**Work required**
Pictures aside, repeat the listing below exactly.

**Given material**
============================================================

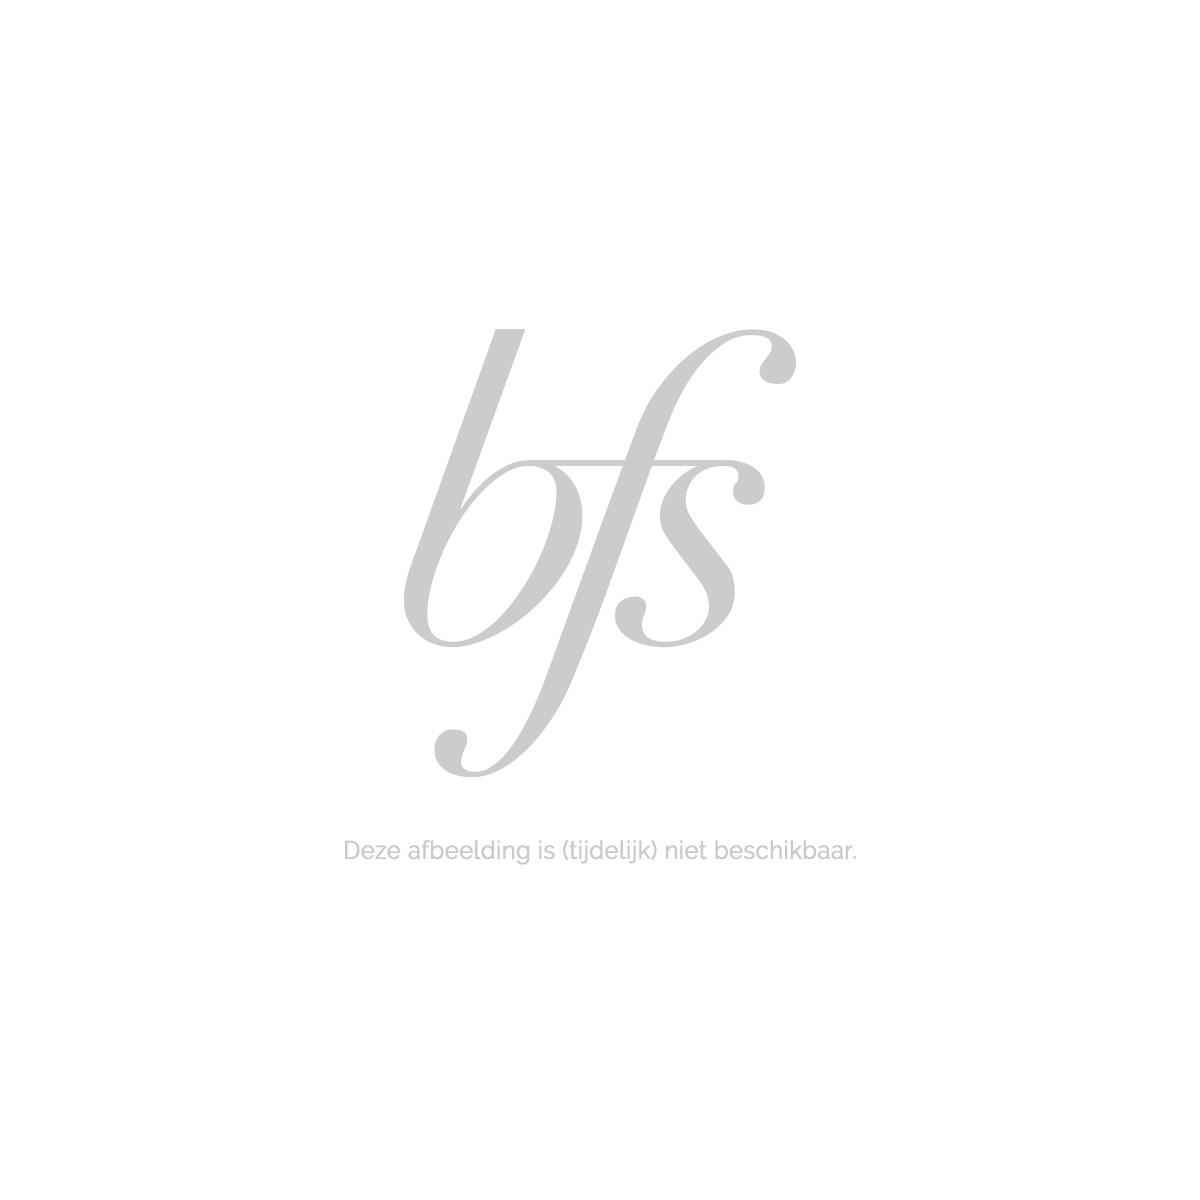 Christian Dior Dissolvant Abricot Gentle Polish Remover 50 Ml
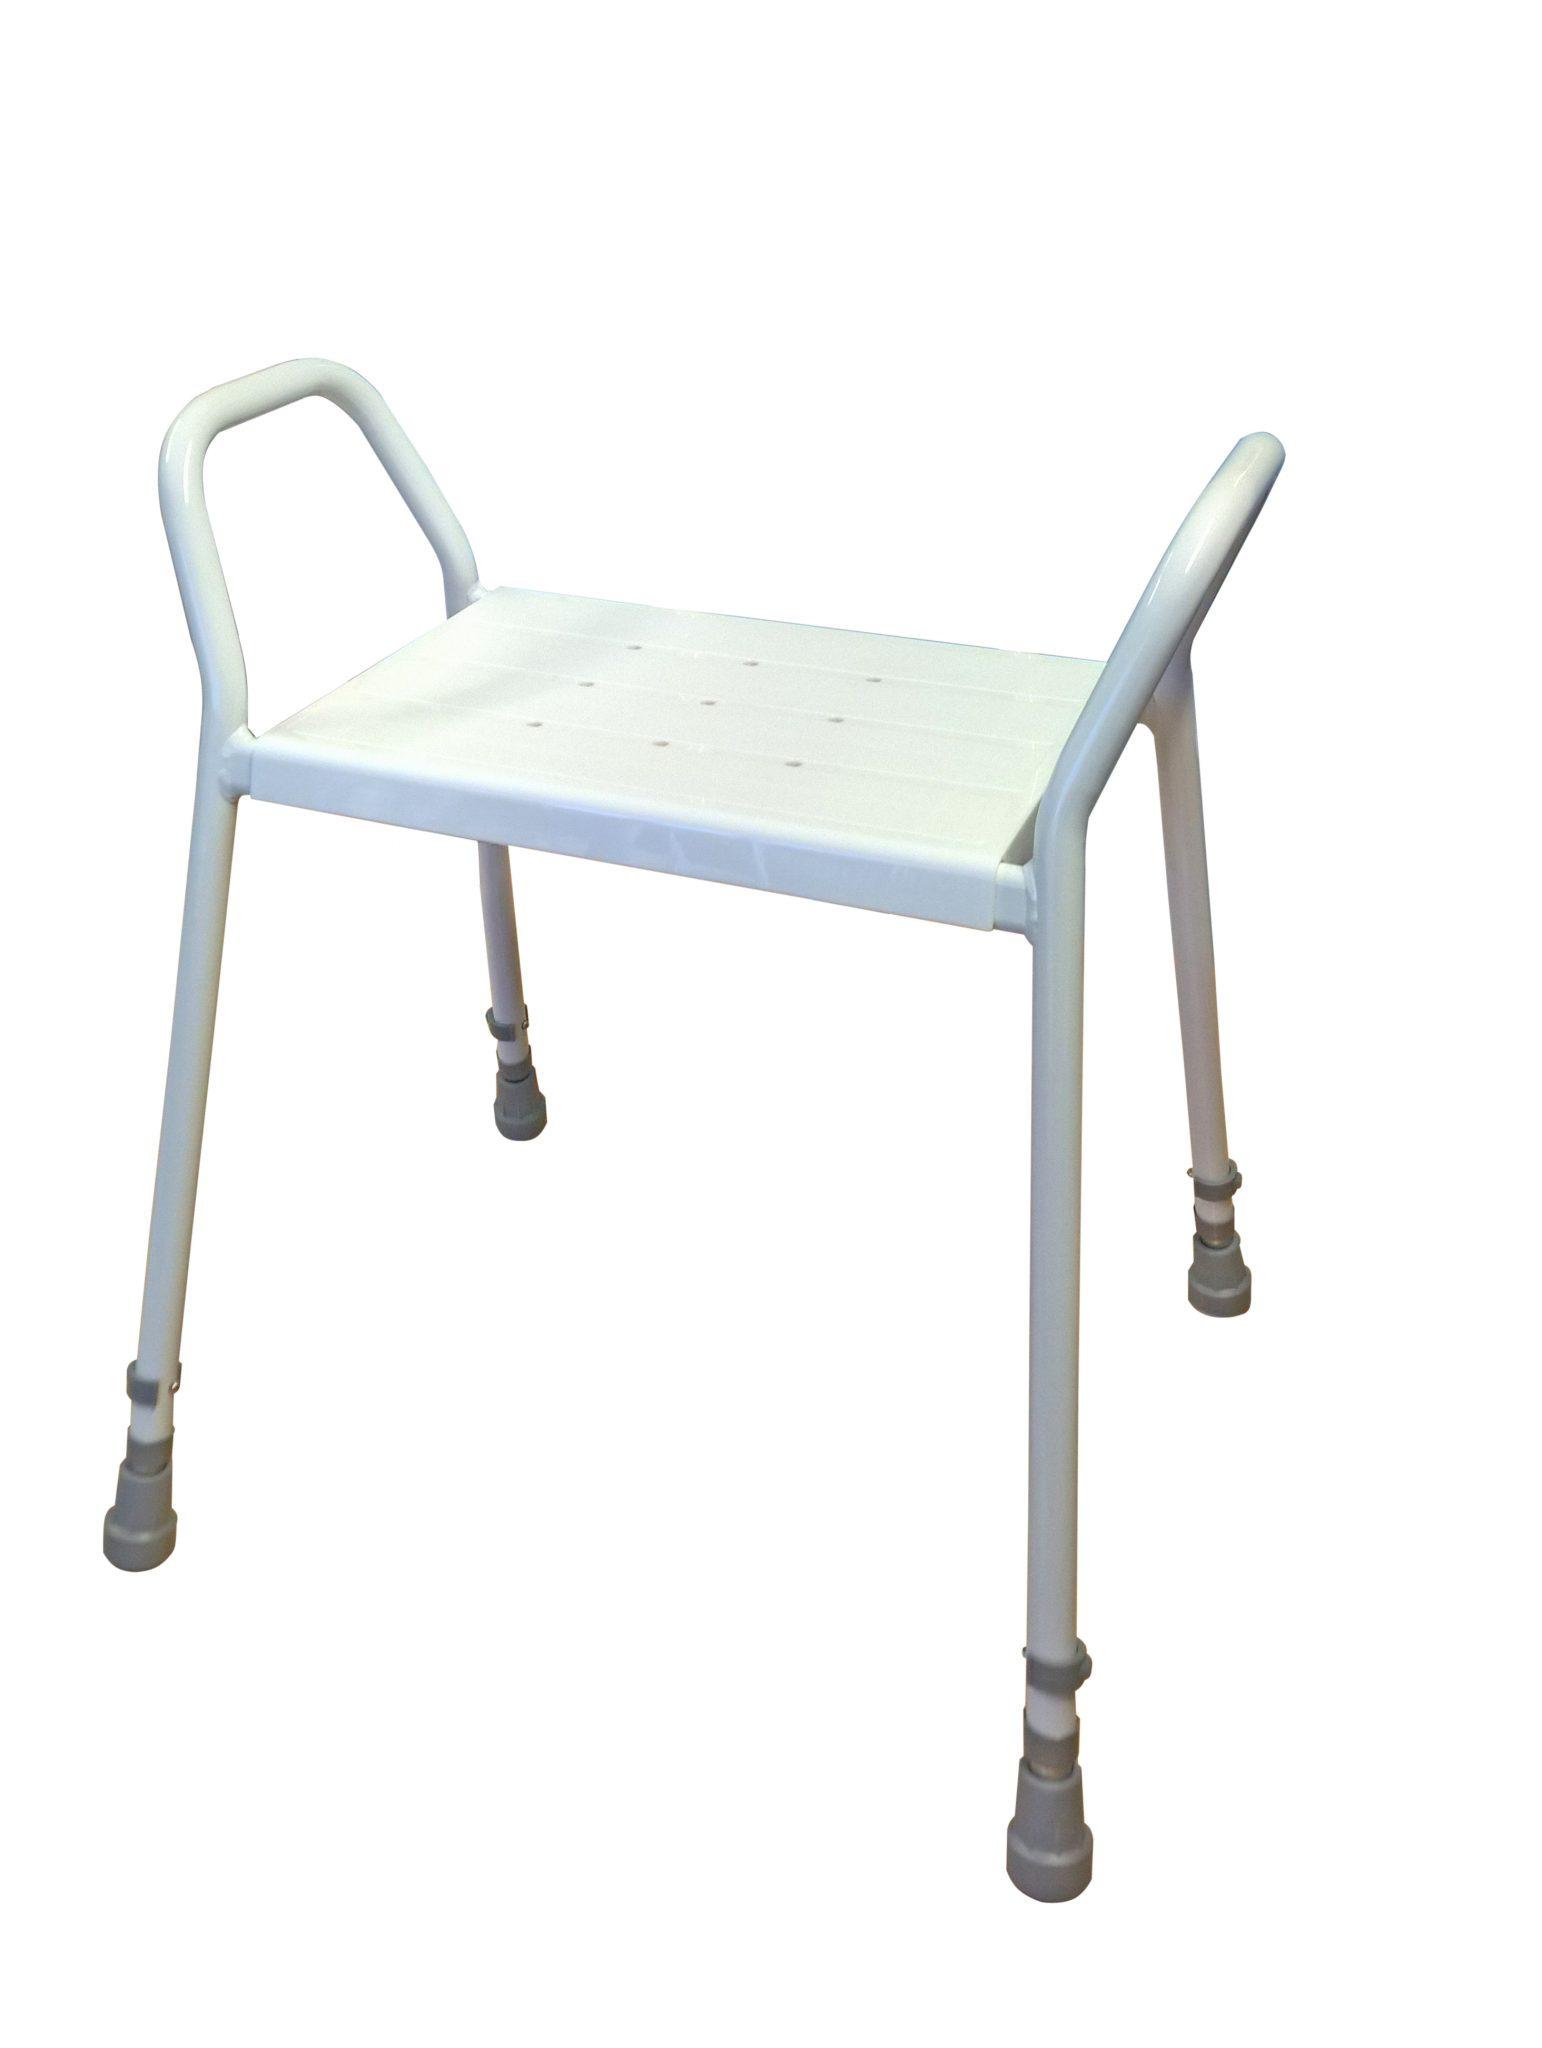 s10 adjustable shower stool - Shower Stool
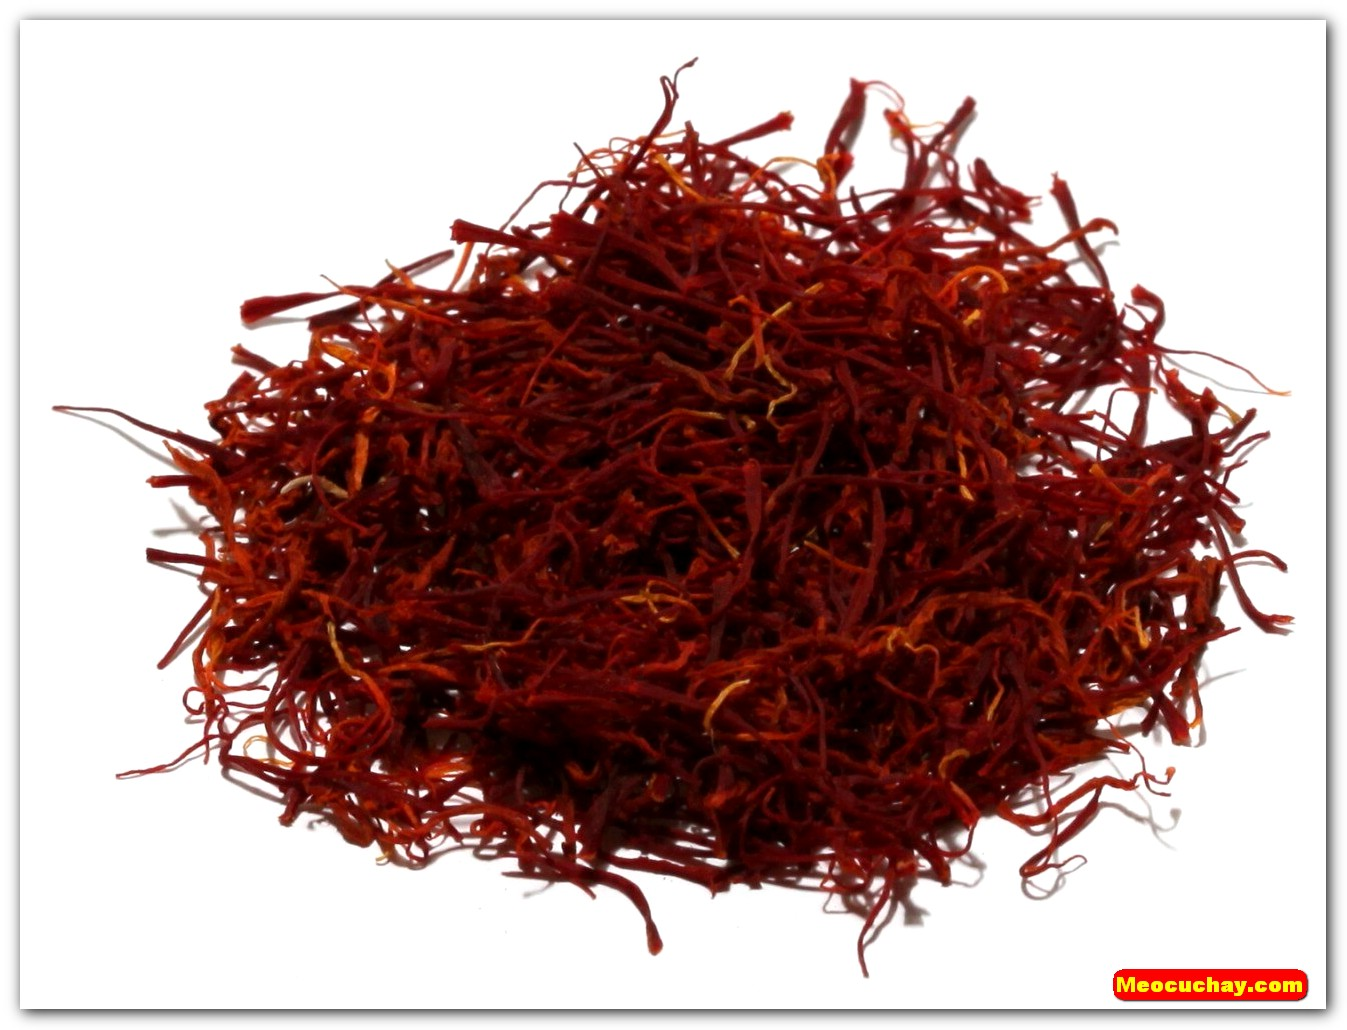 Nhuy-hoa-nghe-tay-saffron-iran (34)

============================================================

**Solution to this exercise**
 Christian Dior Dissolvant Abricot Gentle Polish Remover 50 Ml
 s10 adjustable shower stool - Shower Stool
 Nhuy-hoa-nghe-tay-saffron-iran (34)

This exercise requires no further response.